## Your task
Go to the line containing "2014 Gmc Sierra" in the material below. From there to the end, retype every line exactly and drop the pictures.

## Material provided
[Start of Attachment]

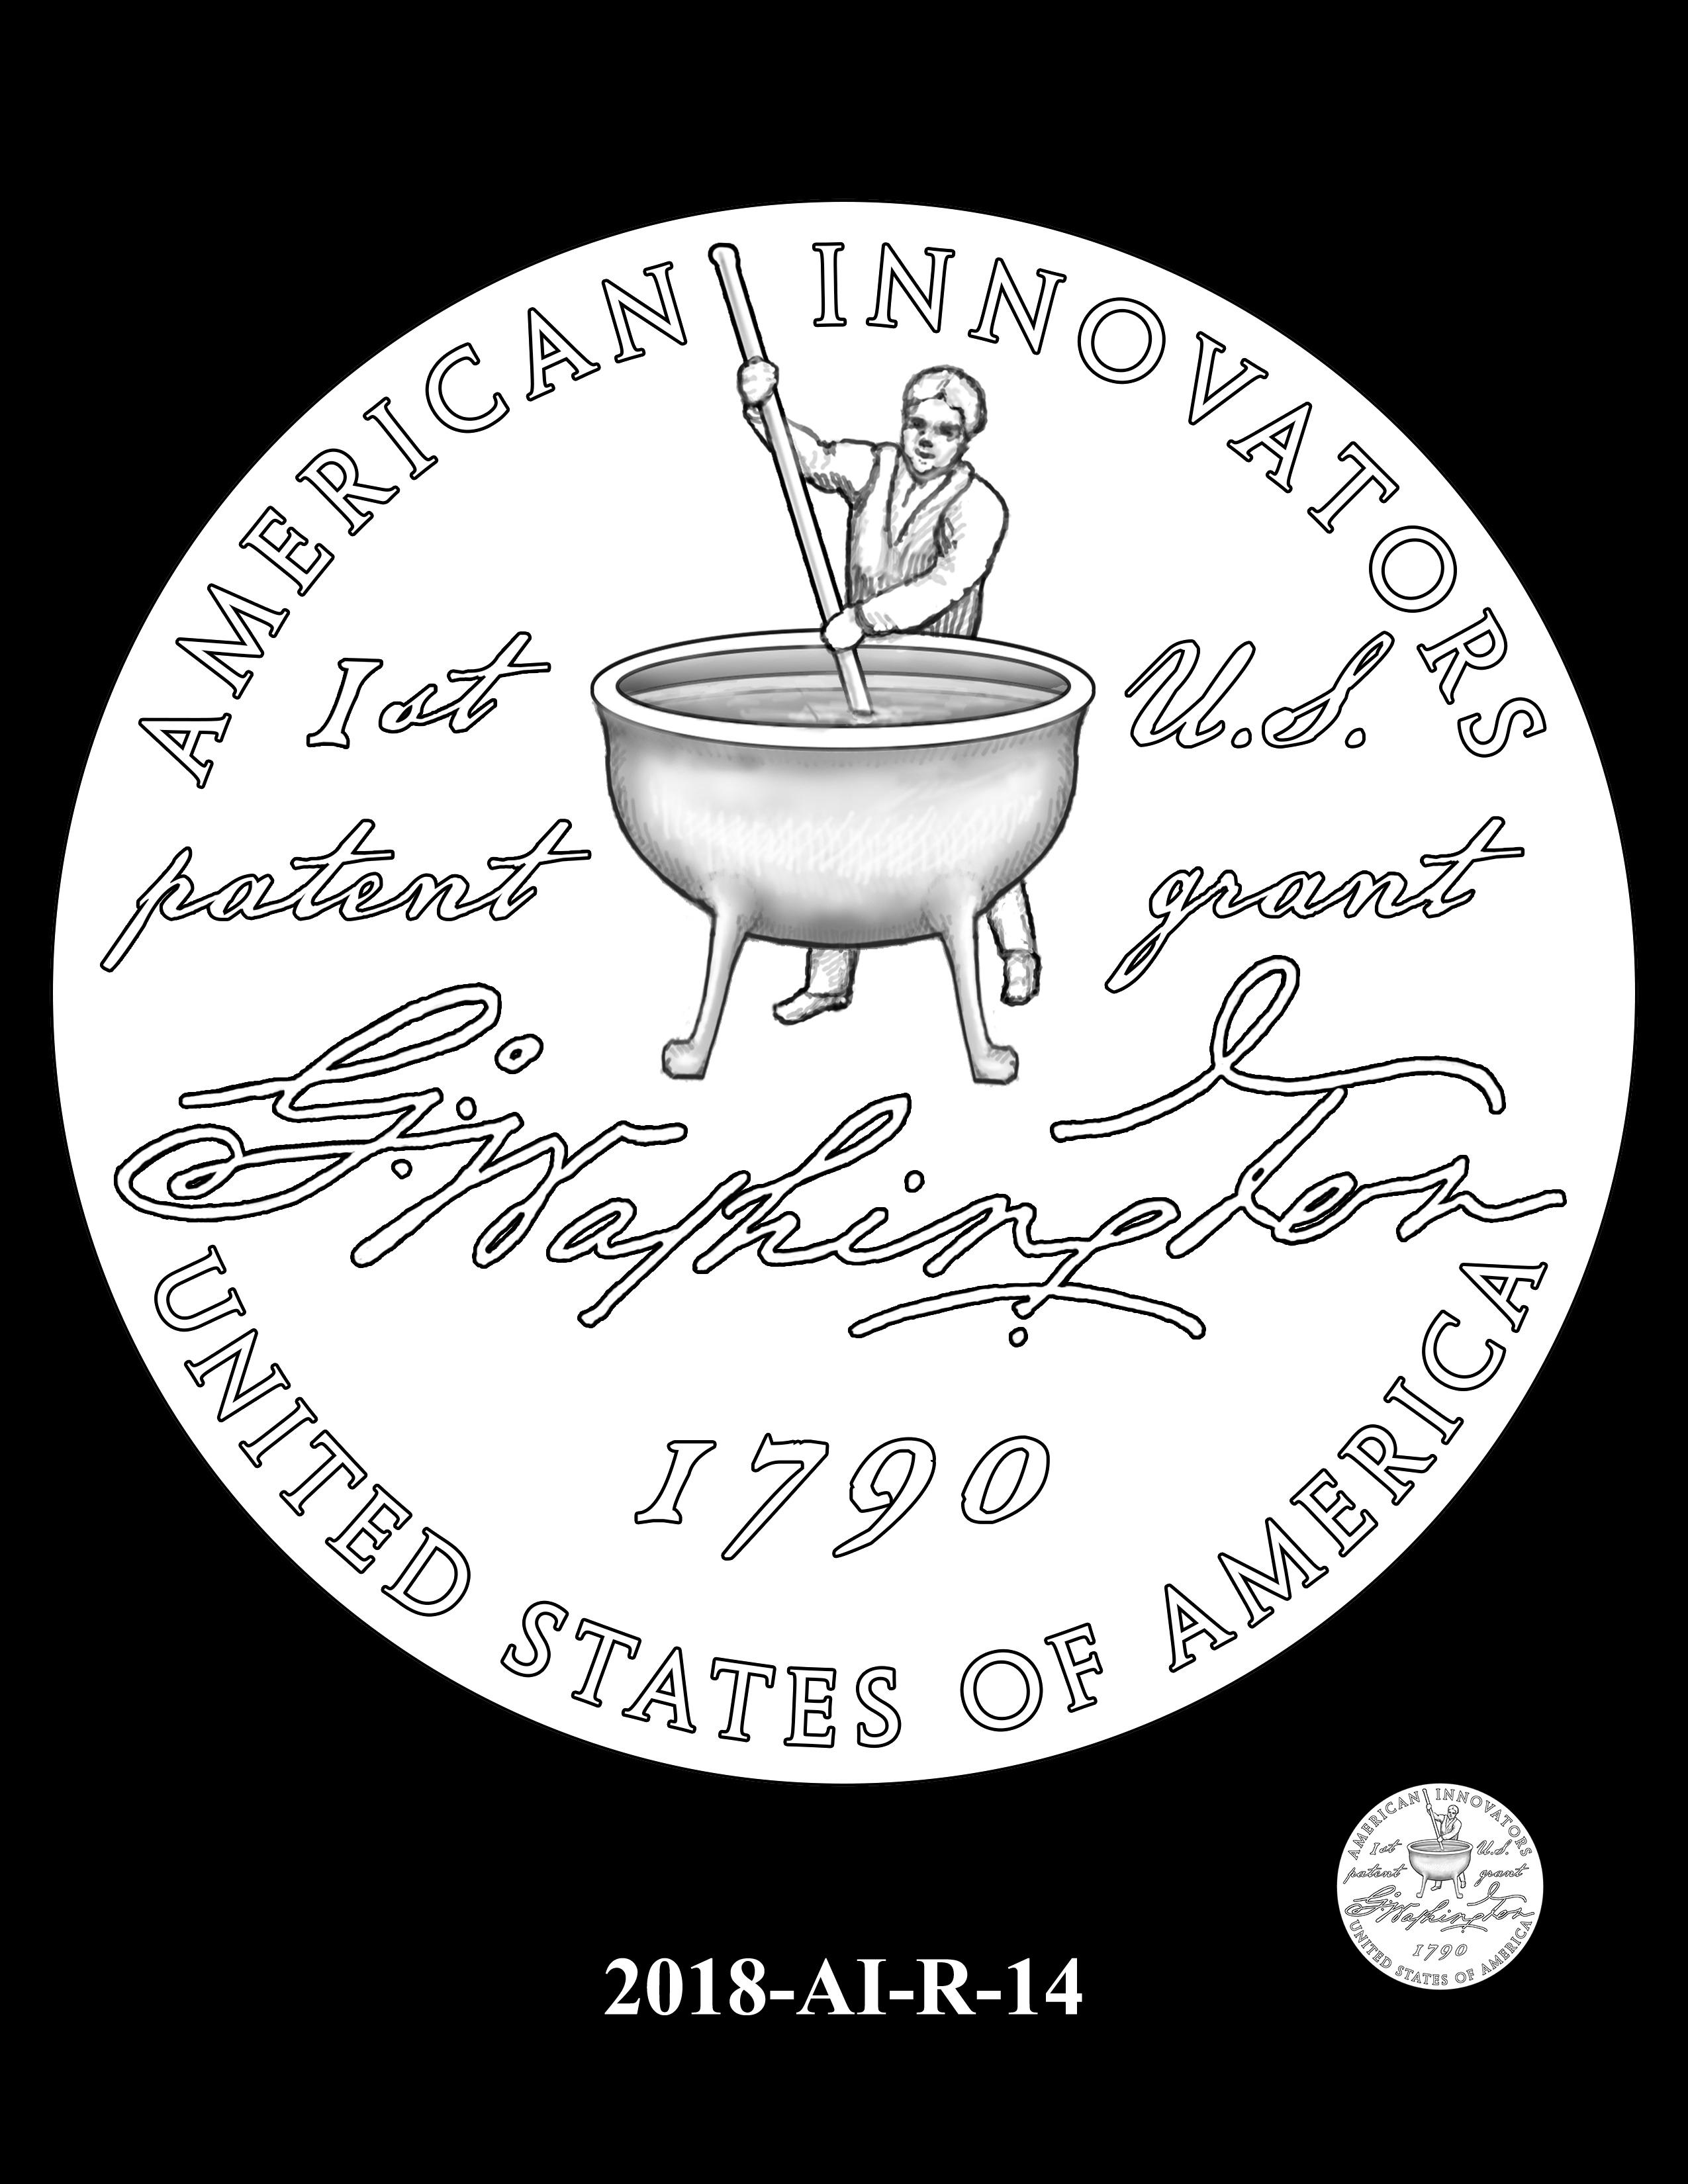 2018-AI-R-14 -- 2018 American Innovation $1 Coin
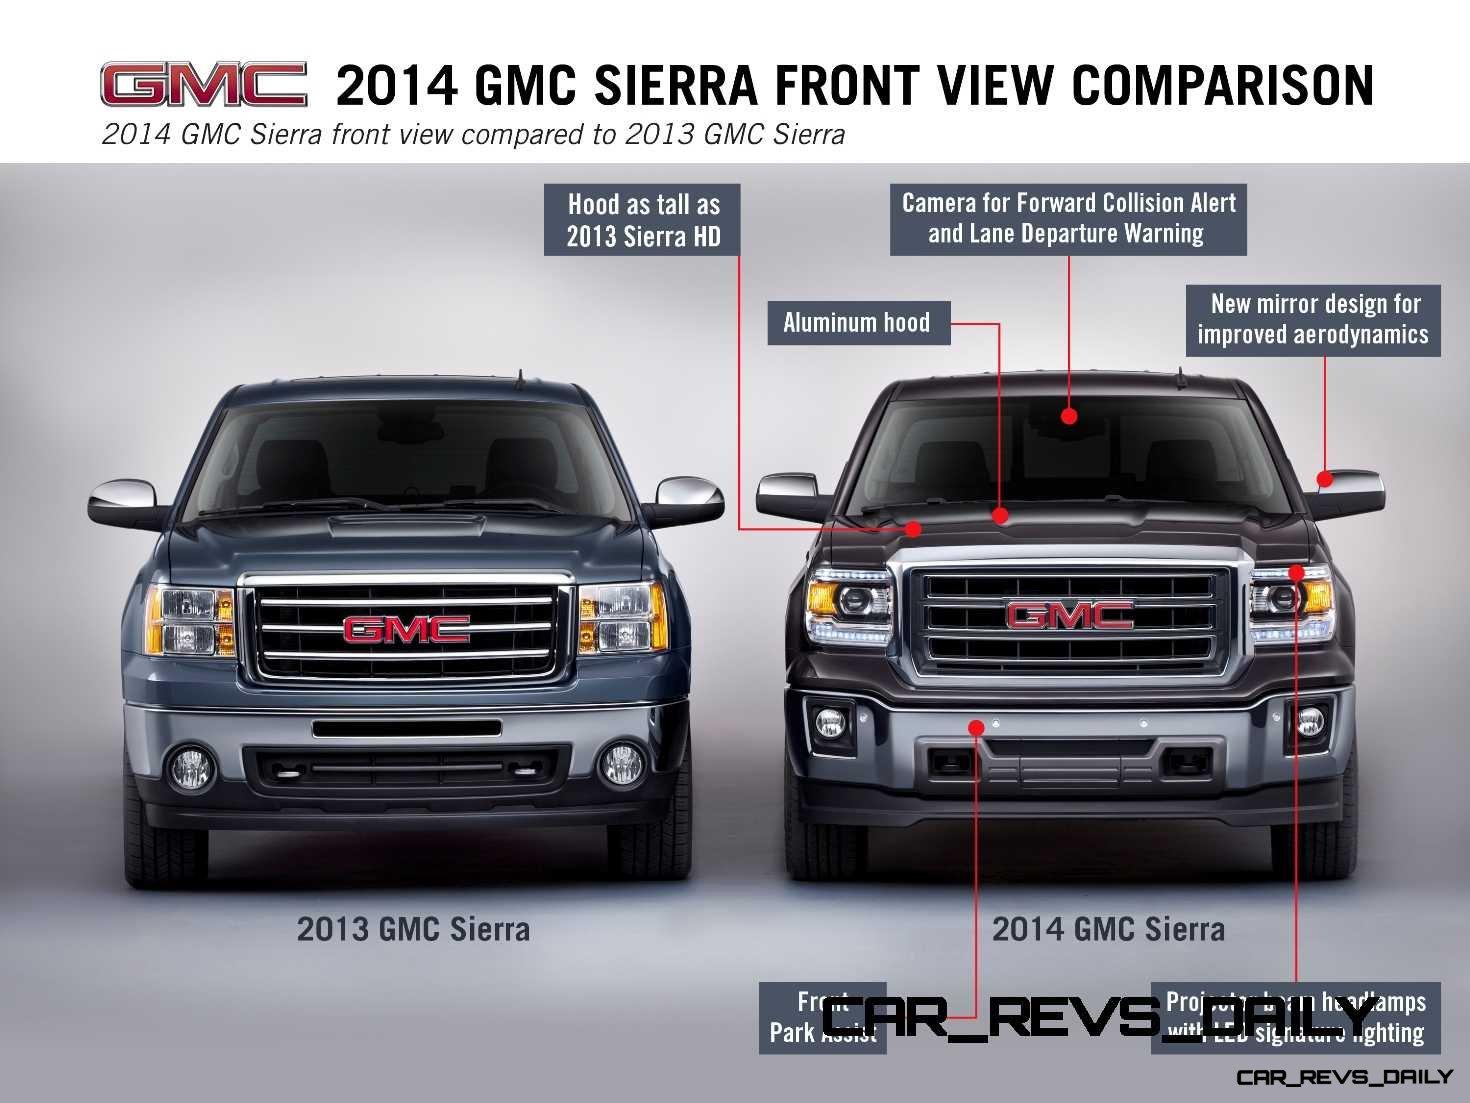 2014 Gmc Sierra Slt Crew Cab In Iridium Metallic Front End Detail Regular View Comparison
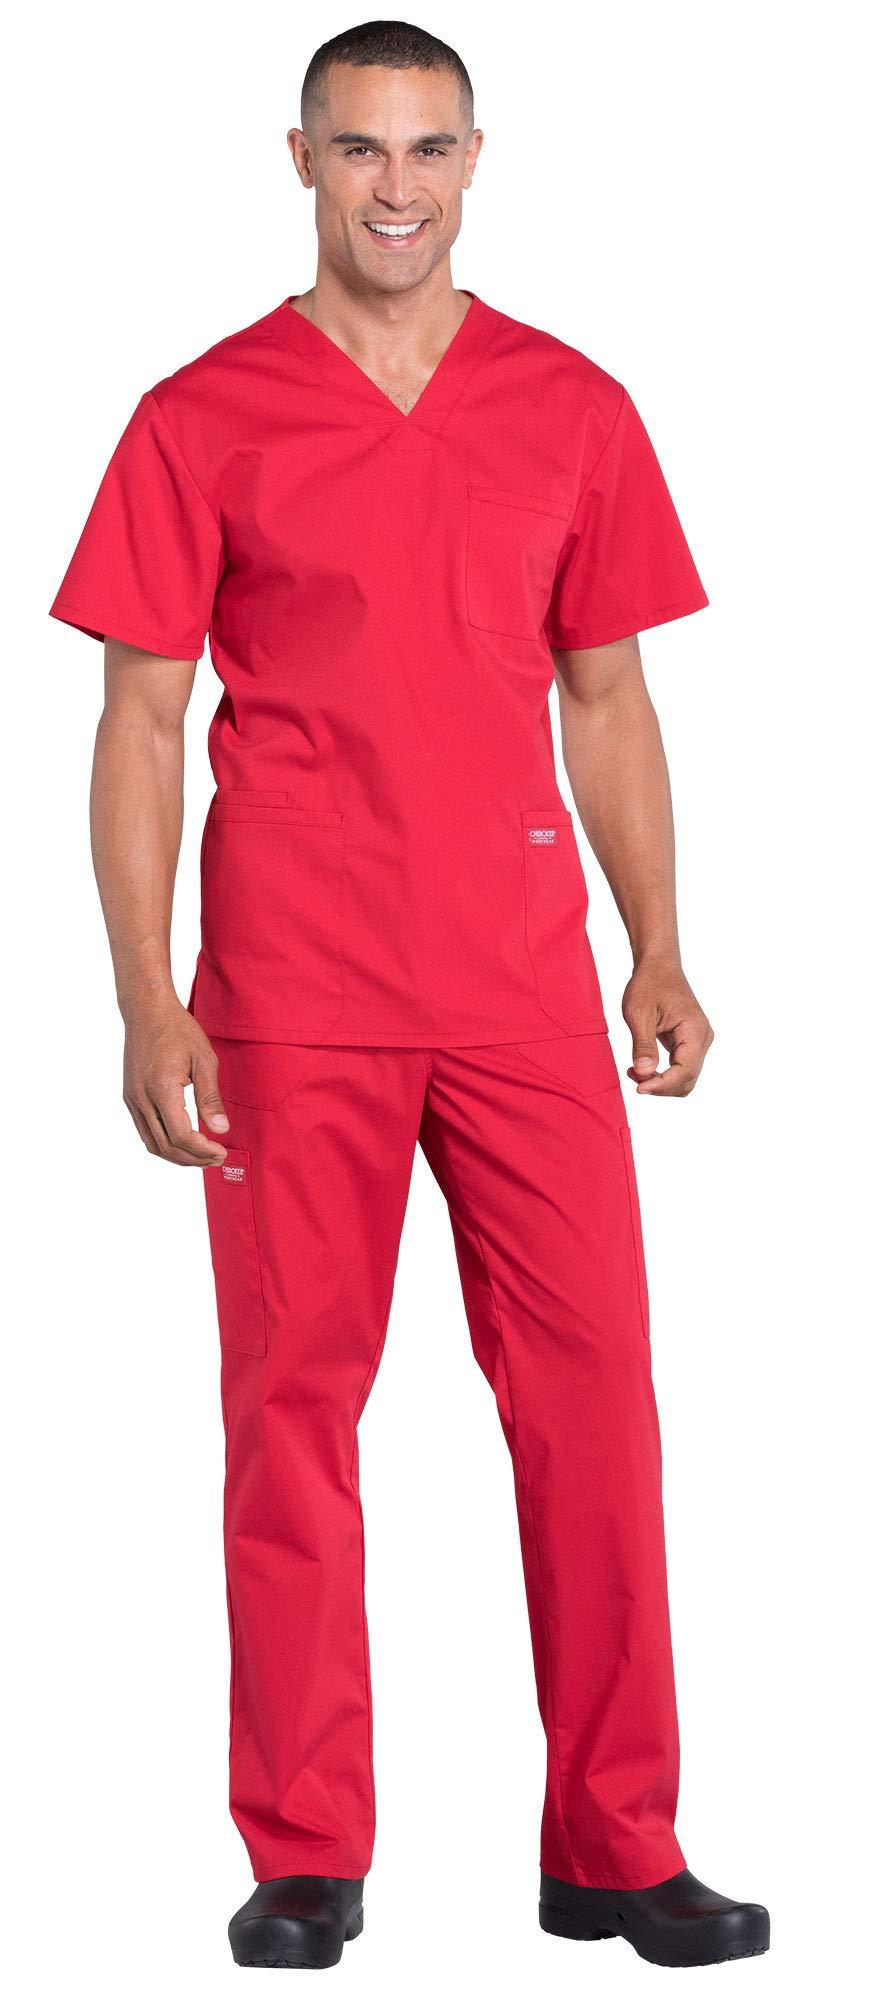 Cherokee Workwear Professionals Men's 4 Pocket V-Neck Scrub Top WW695 & Men's Drawstring Cargo Scrub Pants WW190 Medical Uniforms Scrub Set (Red - XX-Large/XX-Large)
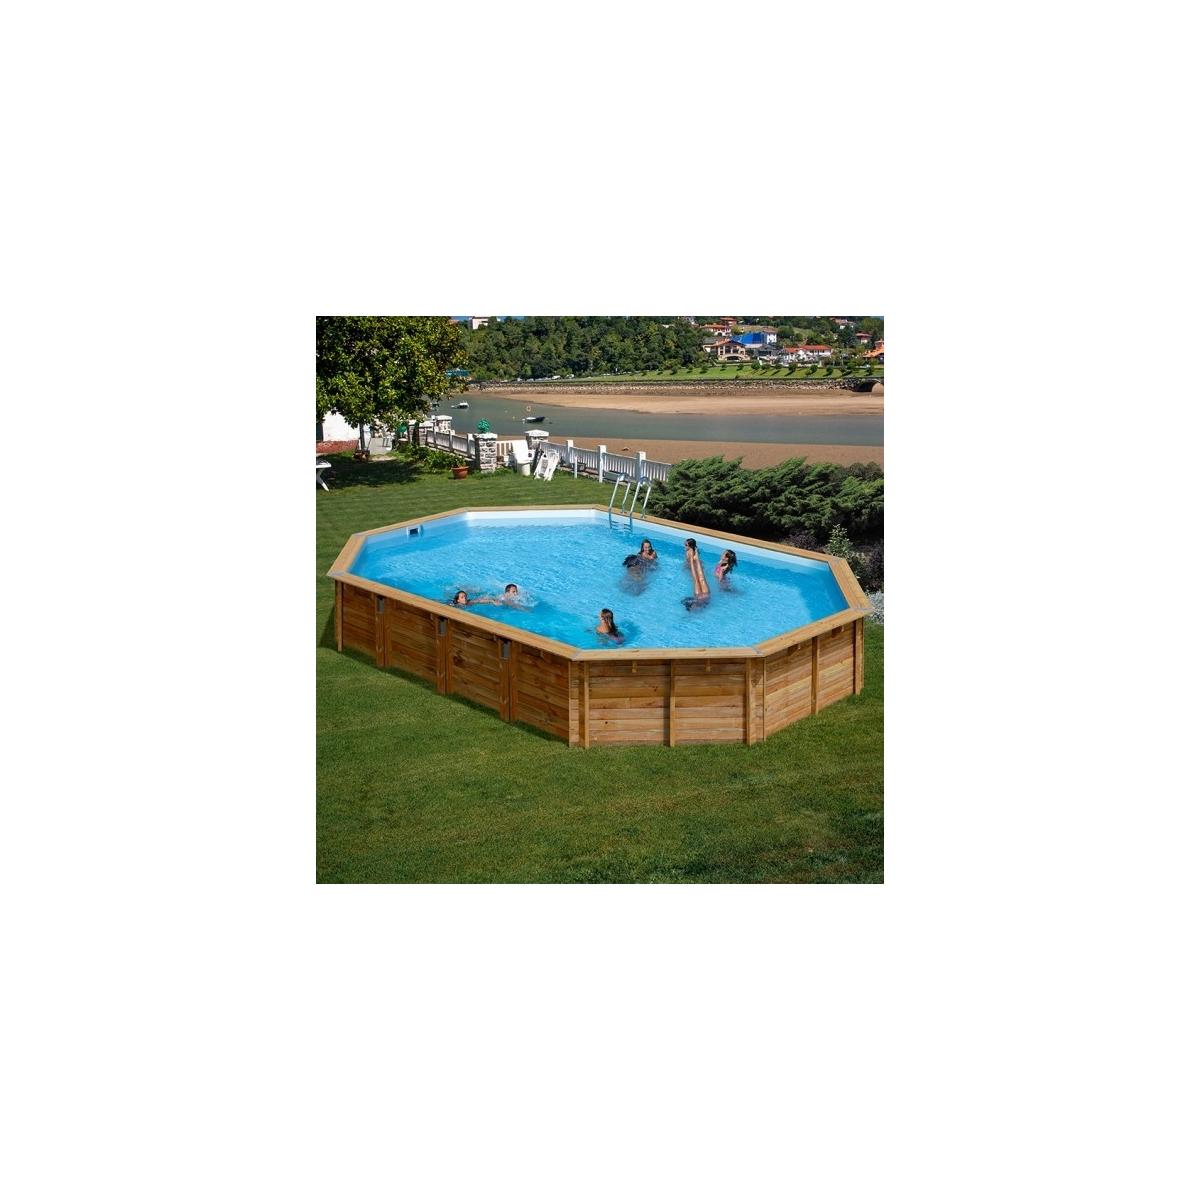 Piscina desmontable de madera Gre Sunbay Avila ovalada 923x576x146

[End of Attachment]

## Response to the task
 2014 Gmc Sierra Slt Crew Cab In Iridium Metallic Front End Detail Regular View Comparison
 Cherokee Workwear Professionals Men's 4 Pocket V-Neck Scrub Top WW695 & Men's Drawstring Cargo Scrub Pants WW190 Medical Uniforms Scrub Set (Red - XX-Large/XX-Large)
 Piscina desmontable de madera Gre Sunbay Avila ovalada 923x576x146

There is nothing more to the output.